→ Collected data
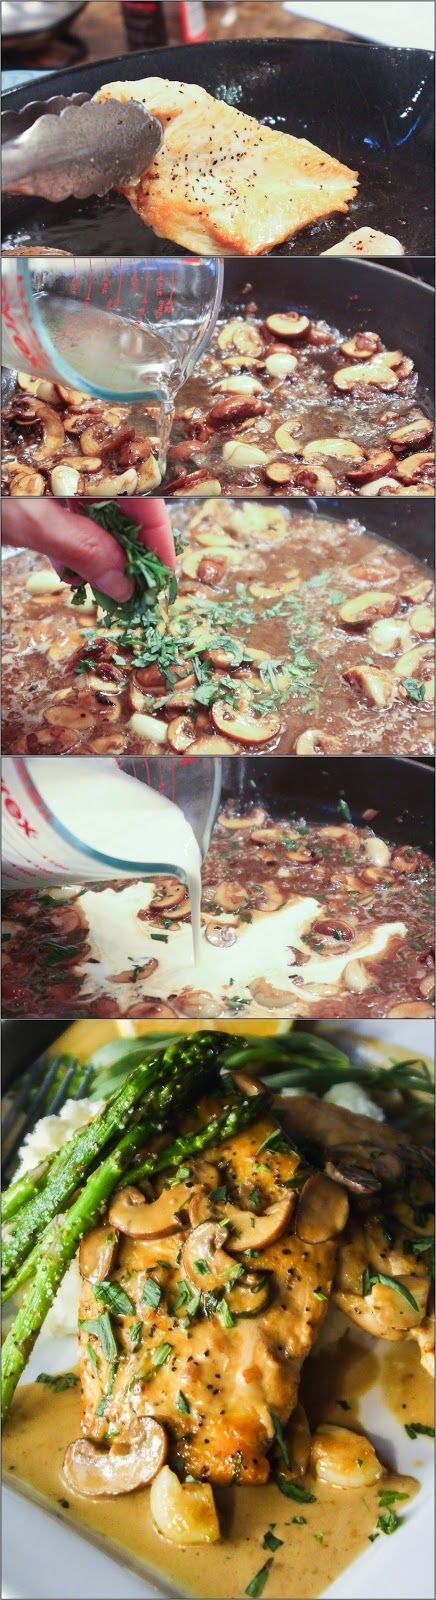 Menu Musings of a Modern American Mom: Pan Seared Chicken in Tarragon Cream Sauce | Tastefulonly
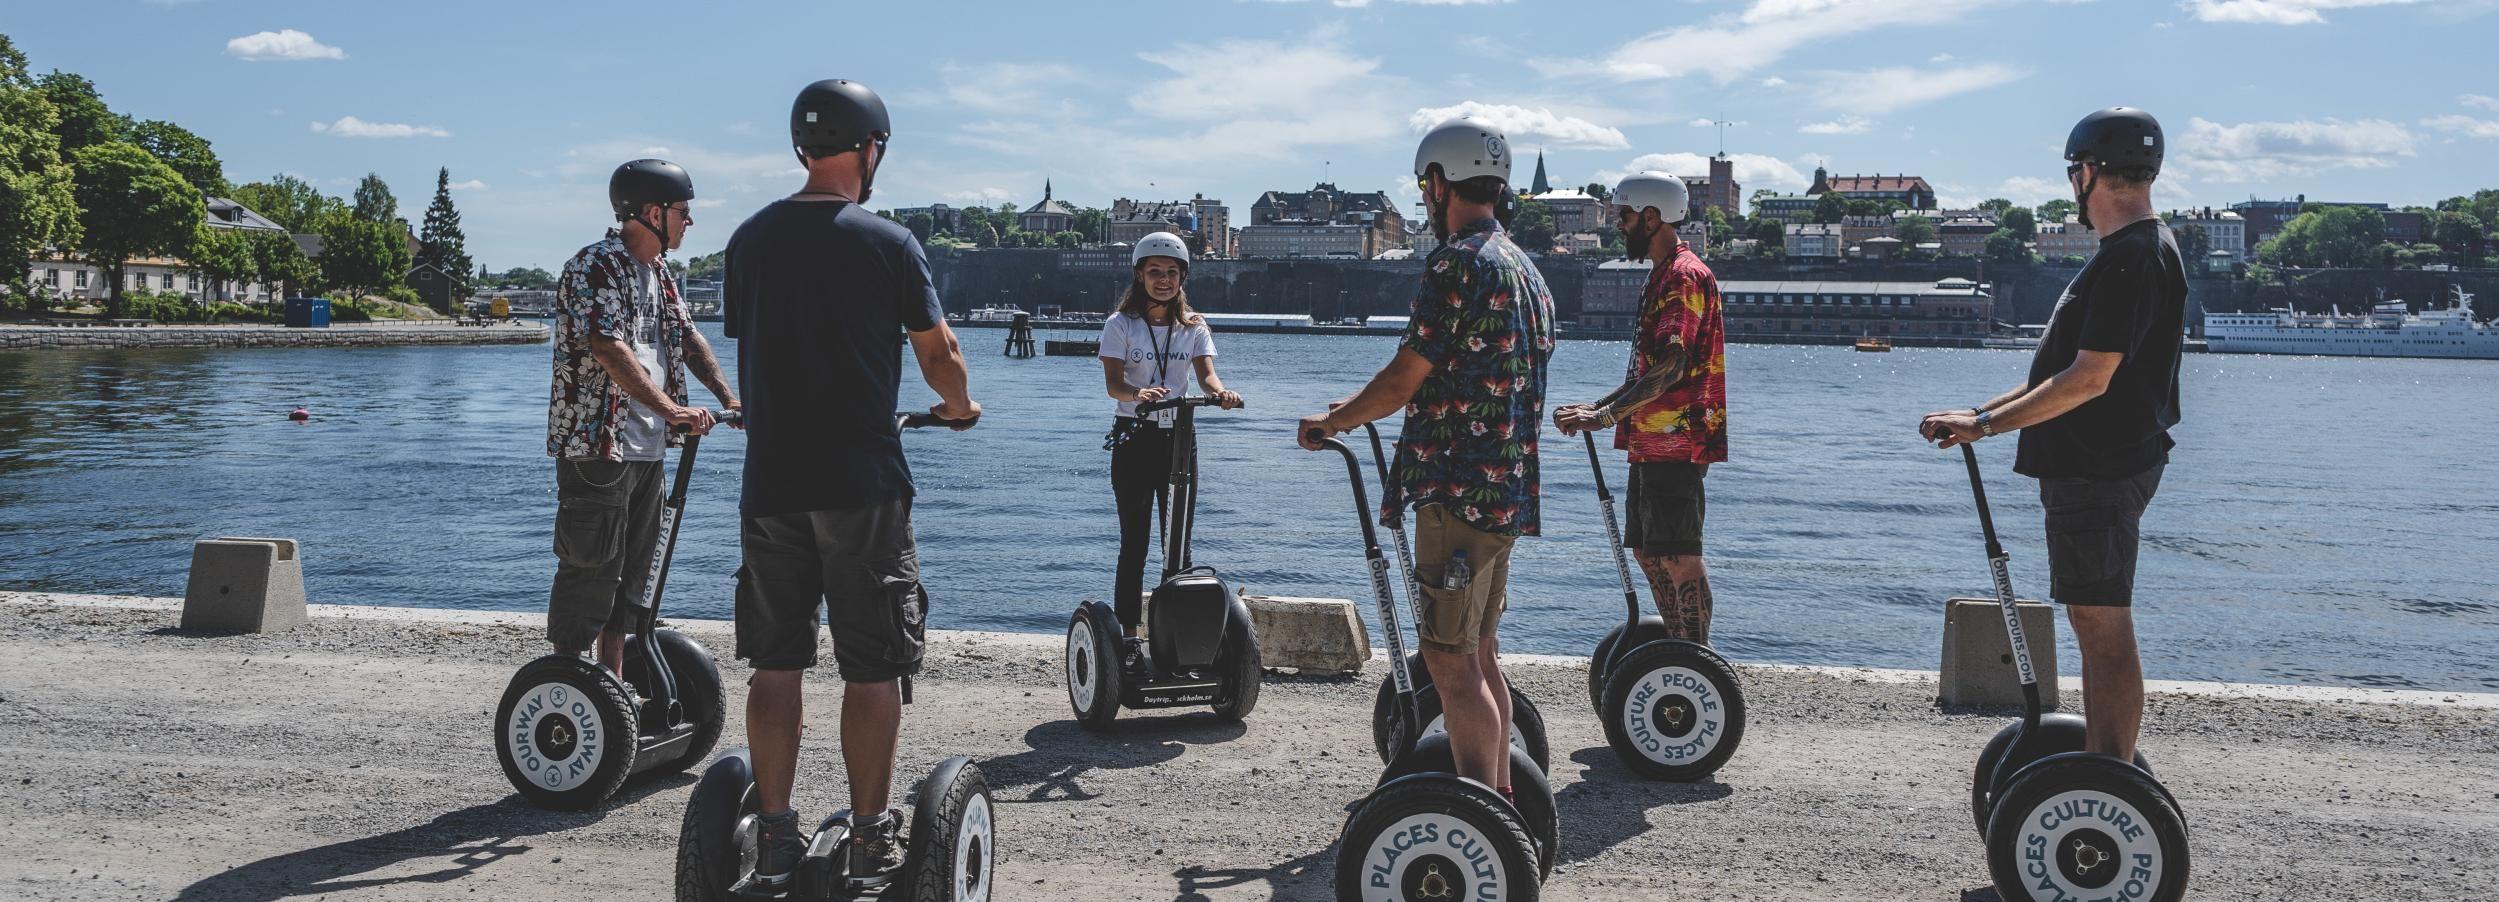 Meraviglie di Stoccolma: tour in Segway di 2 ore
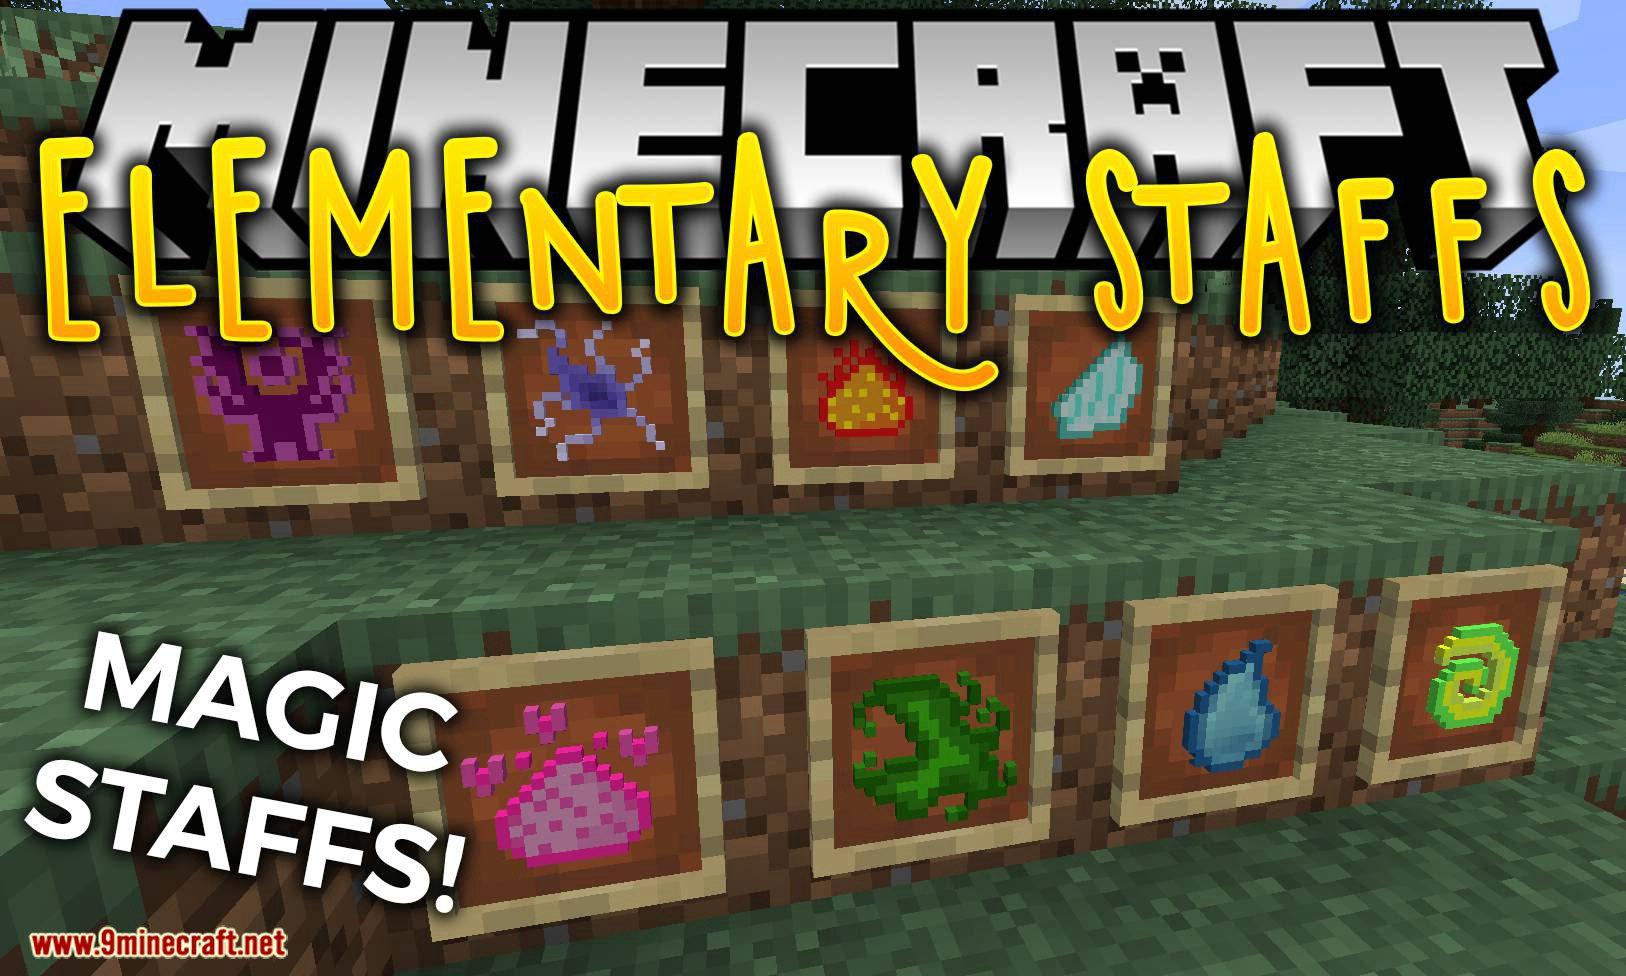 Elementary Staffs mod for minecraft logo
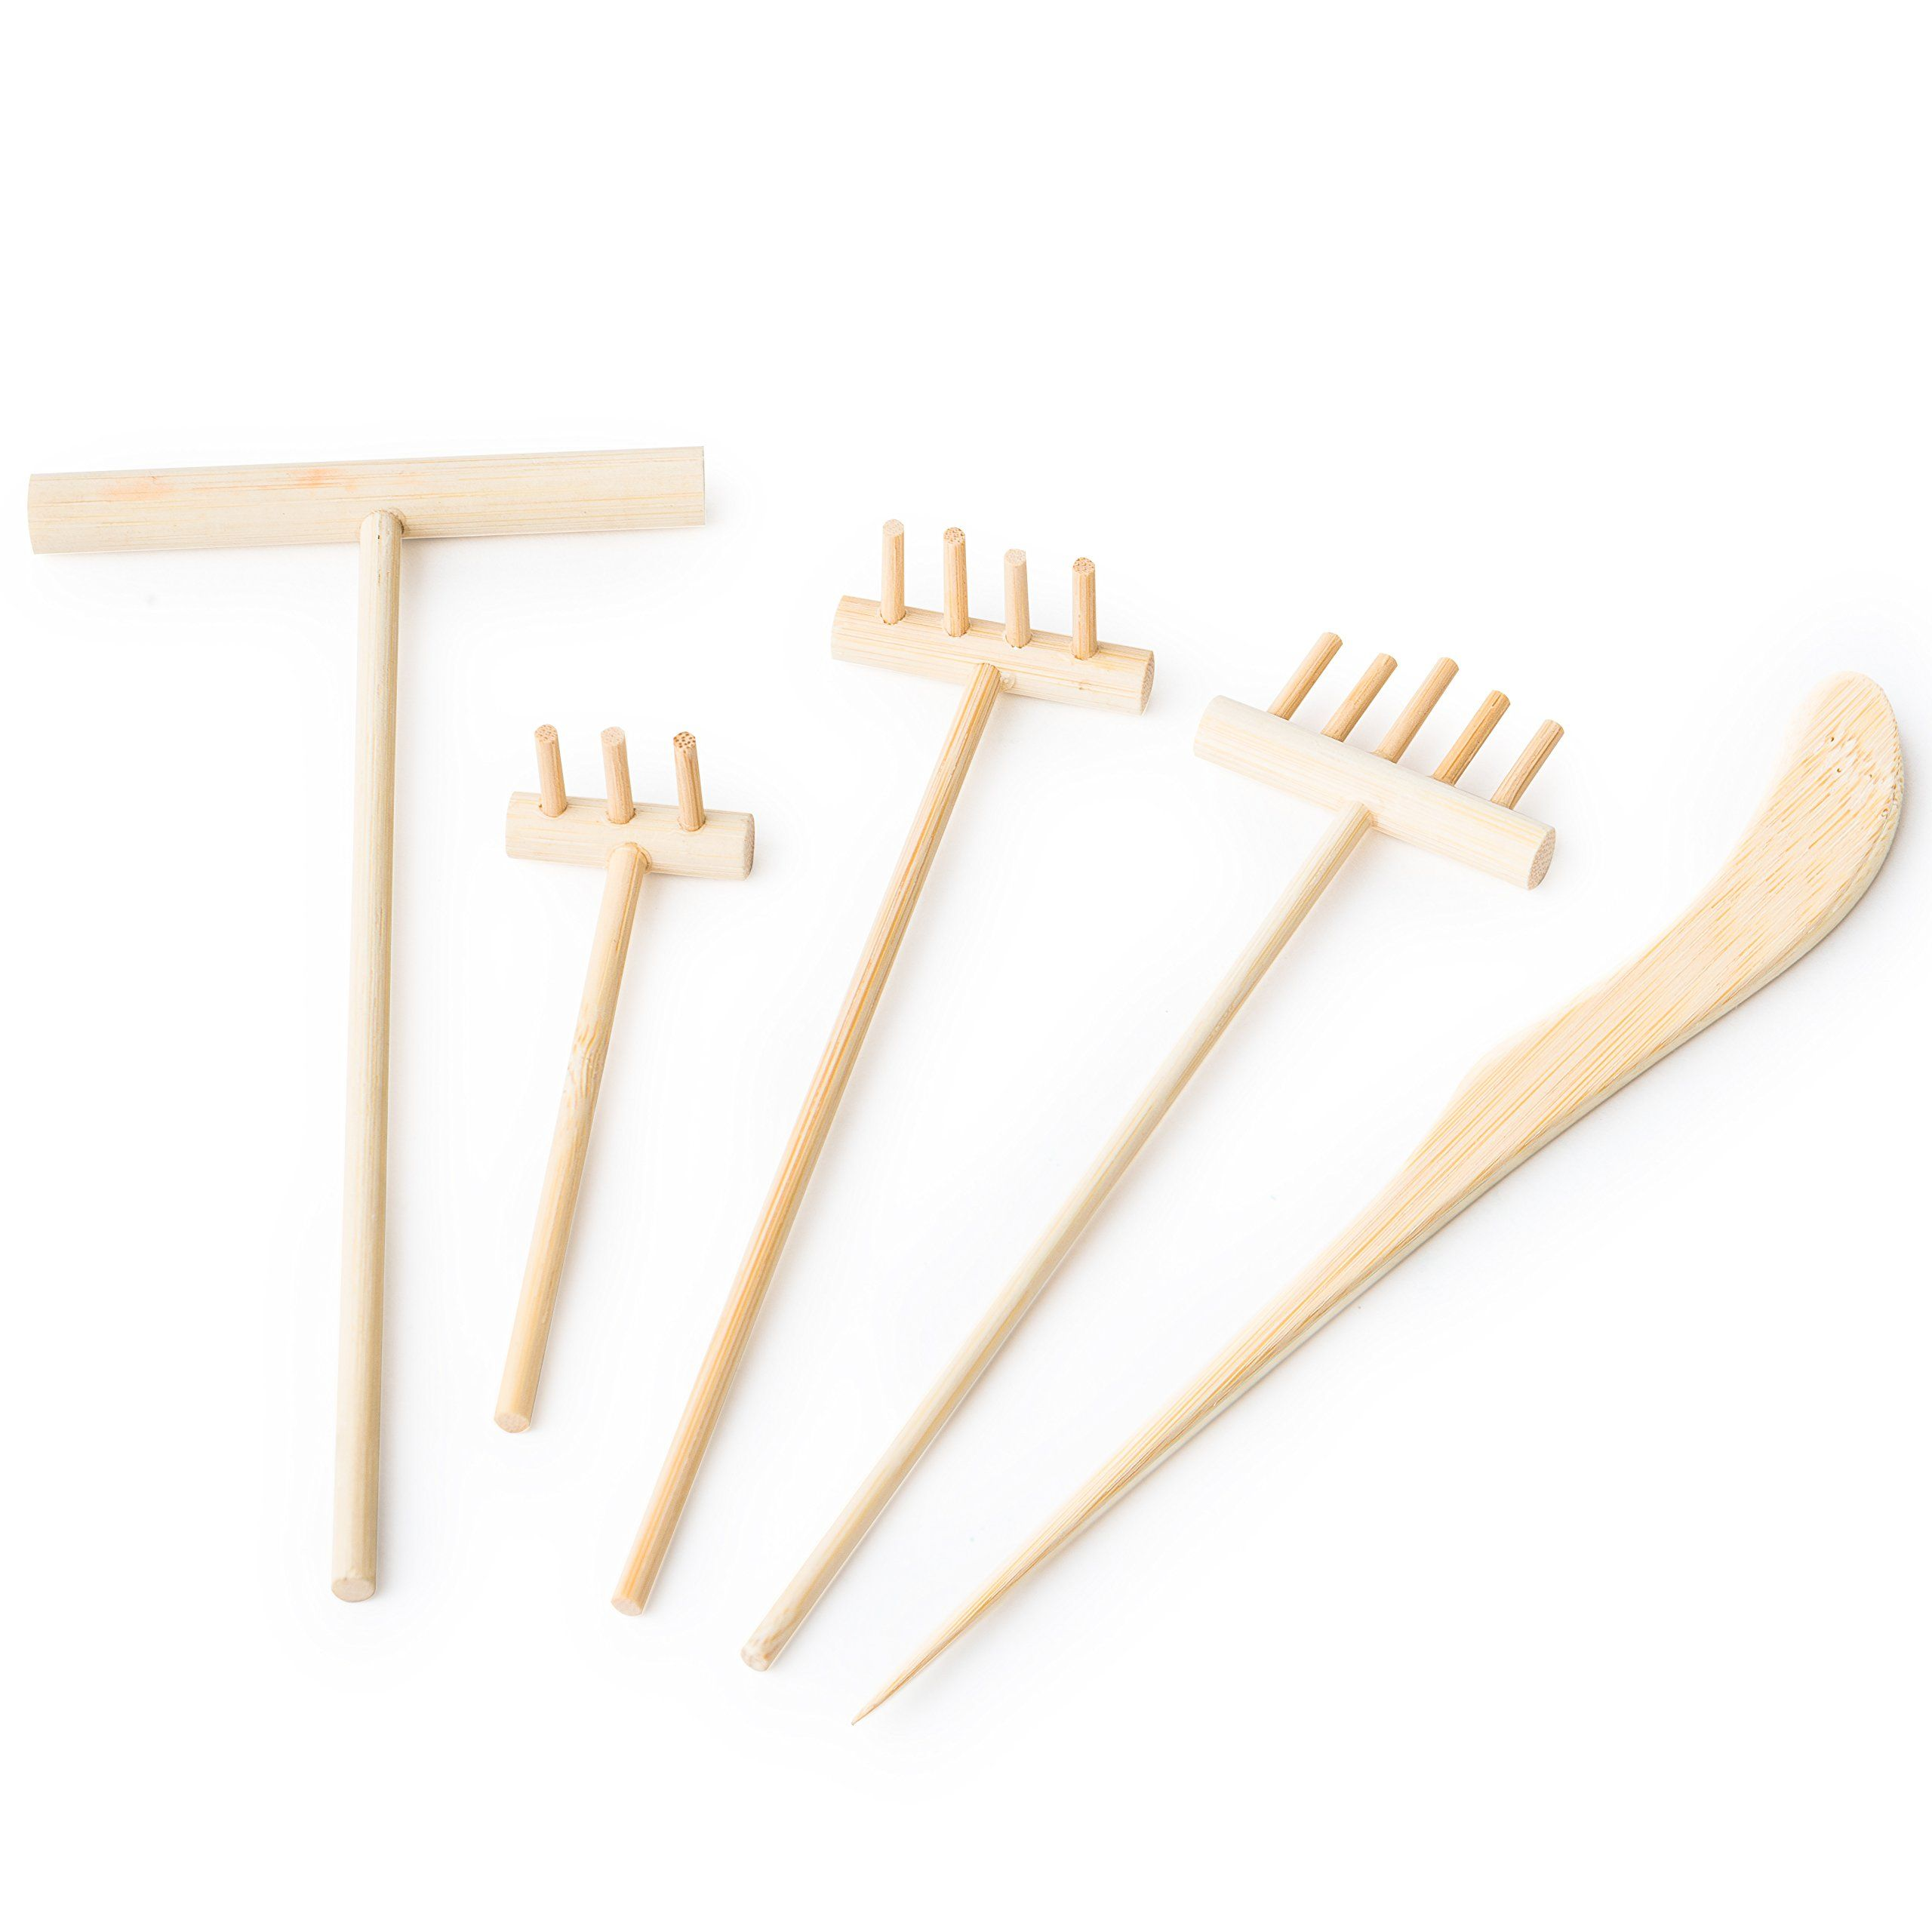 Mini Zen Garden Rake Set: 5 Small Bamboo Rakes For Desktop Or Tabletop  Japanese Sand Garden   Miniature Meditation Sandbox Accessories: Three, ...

→ Work request
Would you copy out all the data exactly, without the images?

→ Task answer
 Menu Musings of a Modern American Mom: Pan Seared Chicken in Tarragon Cream Sauce | Tastefulonly
 Meraviglie di Stoccolma: tour in Segway di 2 ore
 Elementary Staffs mod for minecraft logo
 Mini Zen Garden Rake Set: 5 Small Bamboo Rakes For Desktop Or Tabletop  Japanese Sand Garden   Miniature Meditation Sandbox Accessories: Three, ...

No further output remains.